The documentary series sent six Australians to do a refugee’s journey to Australia in reverse, deprived of their wallets, phones and passports, encountering immigration raids, living in refugee camps, and travelling in leaky boats across the sea. It had the highest viewing figures on the SBS network that year, was the top subject trending on Twitter worldwide, and inspired campaigns and public debates.
“Reality TV is a powerful and emotive form drawn from the documentary tradition of observational film, direct cinema and cinéma vérité,” the Australian documentary film-maker and academic Jeni Thornley wrote at the time, analysing the format’s impact. “In such a social experiment, using the Survivor and Big Brother mode of reality television, powerful emotions erupt.”
Go Back to Where You Came From. Photo: SBS poster
Questioning whether the reality TV mode simply creates “a performance” of “enforced authenticity”, Thornley praised the show for offering “a more humane perspective” of the movement of people, but suggested it may not go beyond the “unhappy performative” – of individuals sympathising with migrants – to the state changing its policies.
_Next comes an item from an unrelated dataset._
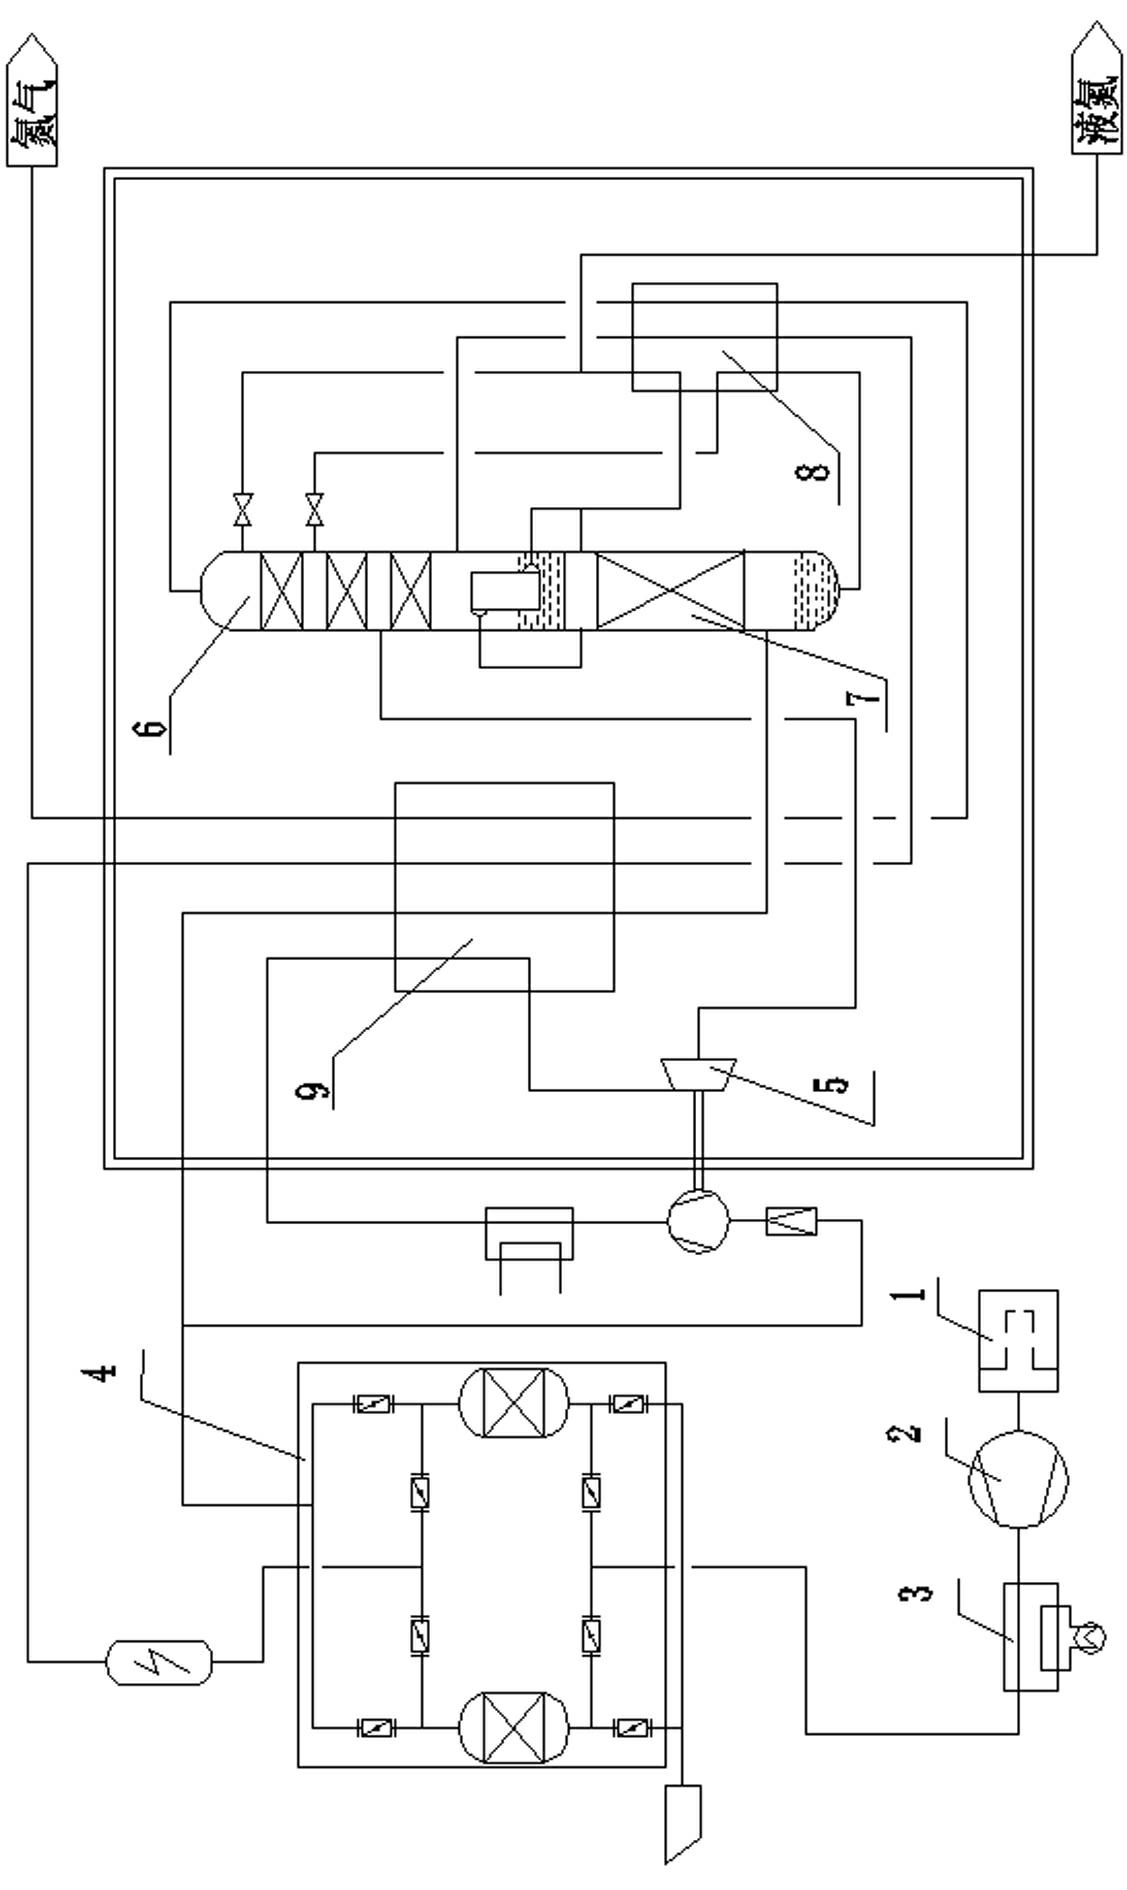 Process for making nitrogen by air separation or making nitrogen and simultaneously producing oxygen in attached manner

And this is often where the limits of reality TV lie. It gives us characters, story arcs, and a view we might never have encountered. But it doesn’t change our opinions enough to shift attitudes. According to experts, that will only happen when new arrivals or longstanding ethnic minority communities are depicted simply as people going about their lives, rather than a case study.
“Popular culture and media portrayals make quite a lot of sense to people as a story about how things change,” says Katwala. “So, the black footballers of the Cyrille Regis era, or Nadiya on Bake Off, people actually use these things now to navigate themselves around. That kind of matters.”
However, he finds it takes “a long time, another generation, to get the presence as normal, as opposed to the presence as niche”, giving the example of Asian families arriving on Eastenders. “It takes quite a bit of that when the gay person, the Asian girl, when they’re not there to portray the issue,” he observes, noting that EU migrants like Poles are not yet being portrayed as simply part of British life.
“These sorts of reality-type things are doing something – they’re bringing a presence in,” he says. “Probably still in the kind of ‘it’s an issue we need to talk about’ mode than in normality, but I think it can still be a step in the right direction.”
McNeil urges the media to portray people with ethnic minority backgrounds as incidental rather than integral to their story. That’s when he feels attitudes begin to change.
“This concept of migrants as ‘other’ does not get necessarily overcome by telling a story,” he says. “It can do, potentially, if you tell a story about a person whose experience as a migrant is very ordinary and mundane, but that story can get told more effectively by just witnessing migrants doing ordinary stuff.”
That’s one TV experiment that feels a long way off.